■ Action item
Quote the full listing word for word.
-=-=-
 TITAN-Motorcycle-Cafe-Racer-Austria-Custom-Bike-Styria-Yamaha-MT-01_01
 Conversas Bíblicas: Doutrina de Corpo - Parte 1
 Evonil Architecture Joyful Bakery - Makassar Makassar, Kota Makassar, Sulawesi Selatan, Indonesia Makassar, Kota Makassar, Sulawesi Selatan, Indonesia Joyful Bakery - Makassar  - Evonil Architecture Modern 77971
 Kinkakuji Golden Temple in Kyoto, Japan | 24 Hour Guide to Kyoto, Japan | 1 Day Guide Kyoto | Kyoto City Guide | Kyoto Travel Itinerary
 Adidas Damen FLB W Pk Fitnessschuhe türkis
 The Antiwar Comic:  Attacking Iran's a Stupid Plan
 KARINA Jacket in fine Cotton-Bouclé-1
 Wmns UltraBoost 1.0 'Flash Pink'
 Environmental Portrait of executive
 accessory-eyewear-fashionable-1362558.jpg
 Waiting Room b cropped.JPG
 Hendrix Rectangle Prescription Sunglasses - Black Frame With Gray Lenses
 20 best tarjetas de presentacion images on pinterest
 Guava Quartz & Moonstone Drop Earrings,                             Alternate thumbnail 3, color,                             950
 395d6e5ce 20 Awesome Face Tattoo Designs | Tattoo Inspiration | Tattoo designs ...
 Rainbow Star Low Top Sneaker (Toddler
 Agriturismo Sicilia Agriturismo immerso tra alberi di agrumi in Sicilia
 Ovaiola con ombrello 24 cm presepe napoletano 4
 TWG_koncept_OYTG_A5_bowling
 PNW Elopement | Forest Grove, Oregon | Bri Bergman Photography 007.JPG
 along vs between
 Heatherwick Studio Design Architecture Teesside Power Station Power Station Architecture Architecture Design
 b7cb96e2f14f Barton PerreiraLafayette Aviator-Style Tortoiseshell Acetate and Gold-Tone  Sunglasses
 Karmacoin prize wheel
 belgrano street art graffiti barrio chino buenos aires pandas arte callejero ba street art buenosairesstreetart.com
-=-=-
■ Response to this exercise
 TITAN-Motorcycle-Cafe-Racer-Austria-Custom-Bike-Styria-Yamaha-MT-01_01
 Conversas Bíblicas: Doutrina de Corpo - Parte 1
 Evonil Architecture Joyful Bakery - Makassar Makassar, Kota Makassar, Sulawesi Selatan, Indonesia Makassar, Kota Makassar, Sulawesi Selatan, Indonesia Joyful Bakery - Makassar  - Evonil Architecture Modern 77971
 Kinkakuji Golden Temple in Kyoto, Japan | 24 Hour Guide to Kyoto, Japan | 1 Day Guide Kyoto | Kyoto City Guide | Kyoto Travel Itinerary
 Adidas Damen FLB W Pk Fitnessschuhe türkis
 The Antiwar Comic:  Attacking Iran's a Stupid Plan
 KARINA Jacket in fine Cotton-Bouclé-1
 Wmns UltraBoost 1.0 'Flash Pink'
 Environmental Portrait of executive
 accessory-eyewear-fashionable-1362558.jpg
 Waiting Room b cropped.JPG
 Hendrix Rectangle Prescription Sunglasses - Black Frame With Gray Lenses
 20 best tarjetas de presentacion images on pinterest
 Guava Quartz & Moonstone Drop Earrings,                             Alternate thumbnail 3, color,                             950
 395d6e5ce 20 Awesome Face Tattoo Designs | Tattoo Inspiration | Tattoo designs ...
 Rainbow Star Low Top Sneaker (Toddler
 Agriturismo Sicilia Agriturismo immerso tra alberi di agrumi in Sicilia
 Ovaiola con ombrello 24 cm presepe napoletano 4
 TWG_koncept_OYTG_A5_bowling
 PNW Elopement | Forest Grove, Oregon | Bri Bergman Photography 007.JPG
 along vs between
 Heatherwick Studio Design Architecture Teesside Power Station Power Station Architecture Architecture Design
 b7cb96e2f14f Barton PerreiraLafayette Aviator-Style Tortoiseshell Acetate and Gold-Tone  Sunglasses
 Karmacoin prize wheel
 belgrano street art graffiti barrio chino buenos aires pandas arte callejero ba street art buenosairesstreetart.com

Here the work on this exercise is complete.